In haar onderzoek laat Nadia Fadil zien dat ook de keuze voor onderwerping tot emancipatie kan leiden. Zij beschrijft hoe de onderwerping aan Allah moslims de kracht kan geven om tegen de dominante stroom in te gaan, om zich niet zomaar te laten leiden door wat ‘in’ is of ‘normaal’ wordt gevonden. Dit brengt hen ertoe om dominante normen en waarden in vraag te stellen. Zo plaatsen zij bijvoorbeeld kritische vraagtekens bij het verheerlijken van de individuele vrijheid en wijzen ze op de nadelige gevolgen hiervan voor kwetsbare groepen. Volgens Nadia Fadil tonen religieuze bewegingen ons dat mensen verschillende opvattingen van vrijheid kennen en kunnen bereiken. Ze roept feministen, emancipatiewerkers, linkse organisaties,… dan ook op om in deze groepen bondgenoten te zien, die kunnen helpen om dominante waardenkaders kritisch in vraag te stellen.
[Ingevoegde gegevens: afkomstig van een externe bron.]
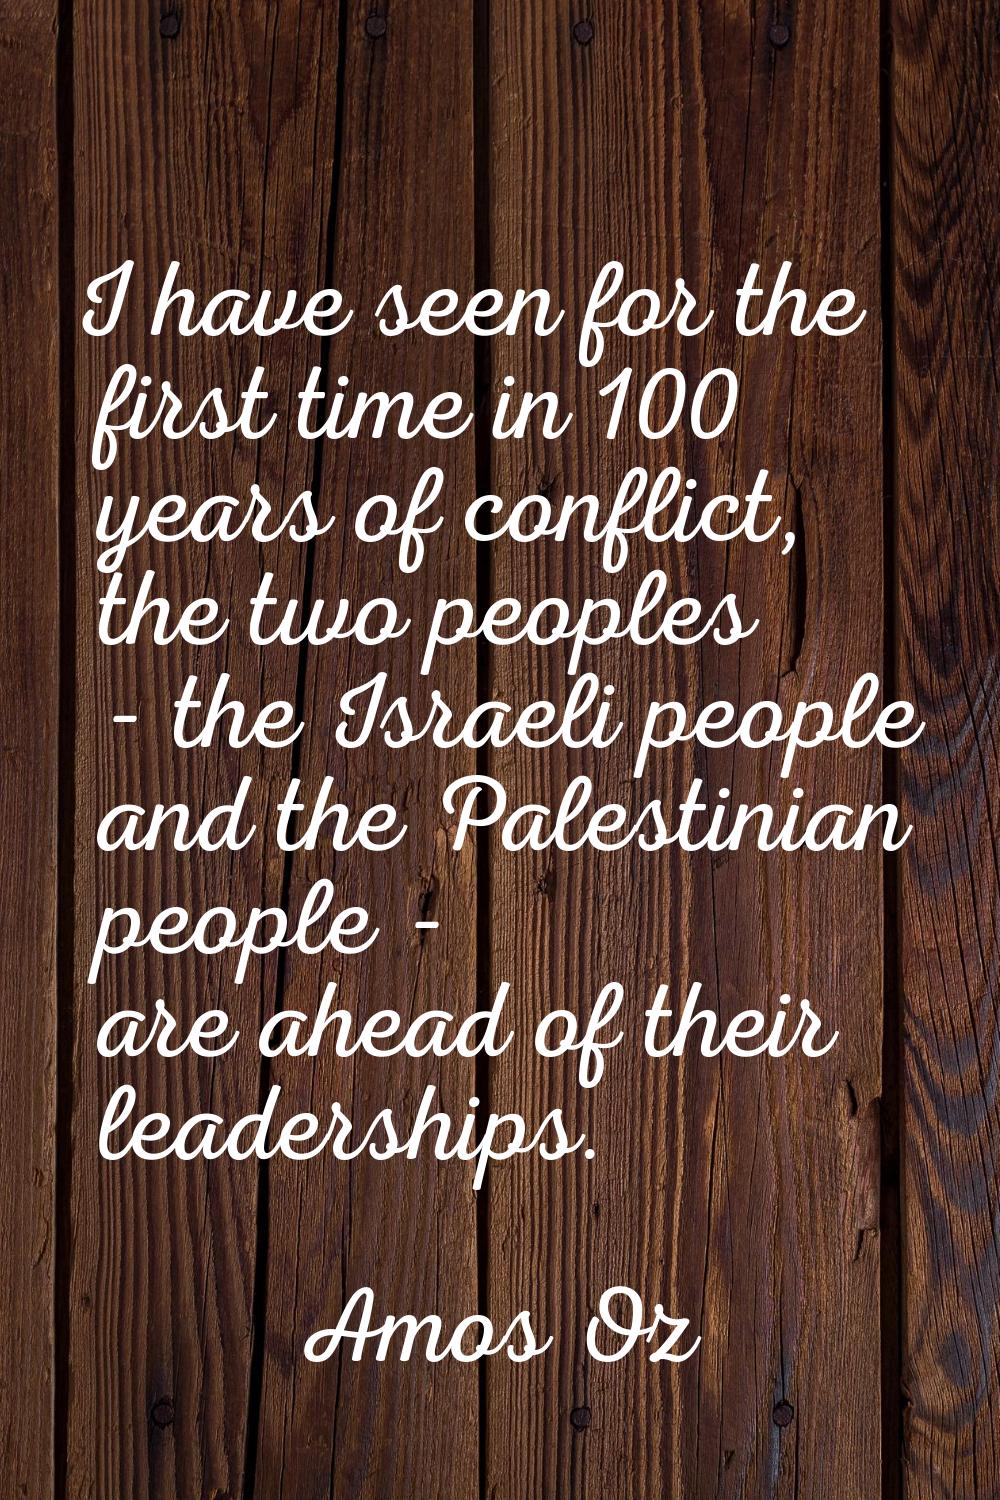 I have seen for the first time in 100 years of conflict, the two peoples - the Israeli people and t

Nadia Fadil daagt ons uit om mensen uit minderheidsgroepen ernstig te nemen en te beluisteren, ook al lijken ze een ‘vreemde’ taal te spreken en gebruiken ze termen die in veel oren ‘fout’ klinken of negatieve associaties oproepen. Dit is een uitdaging die we met Motief zeker willen opnemen. Ze sluit ook helemaal aan bij onze keuze voor het actief pluralisme. Bij actief pluralisme hebben dominante groepen niet het alleenrecht om te beslissen wie er al dan niet bij de samenleving hoort en op basis van welke criteria. Zowel dominante als minderheidsgroepen moeten zich verantwoorden voor de keuzes die ze maken. Dat betekent dat niet alleen “afwijkende” visies en praktijken in vraag gesteld worden, maar ook “dominante”. Concreet willen we in onze vormingen voor hulpverleners en voor mensen die rond emancipatie werken, proberen om verschillende opvattingen over vrijheid en emancipatie te laten klinken. Maar ook in het debat over de zogenaamd ‘geradicaliseerde moslimjongeren’ lijkt het ons een belangrijke uitdaging om in alle ernst te luisteren naar de kritische vragen en analyses die deze jongeren opwerpen.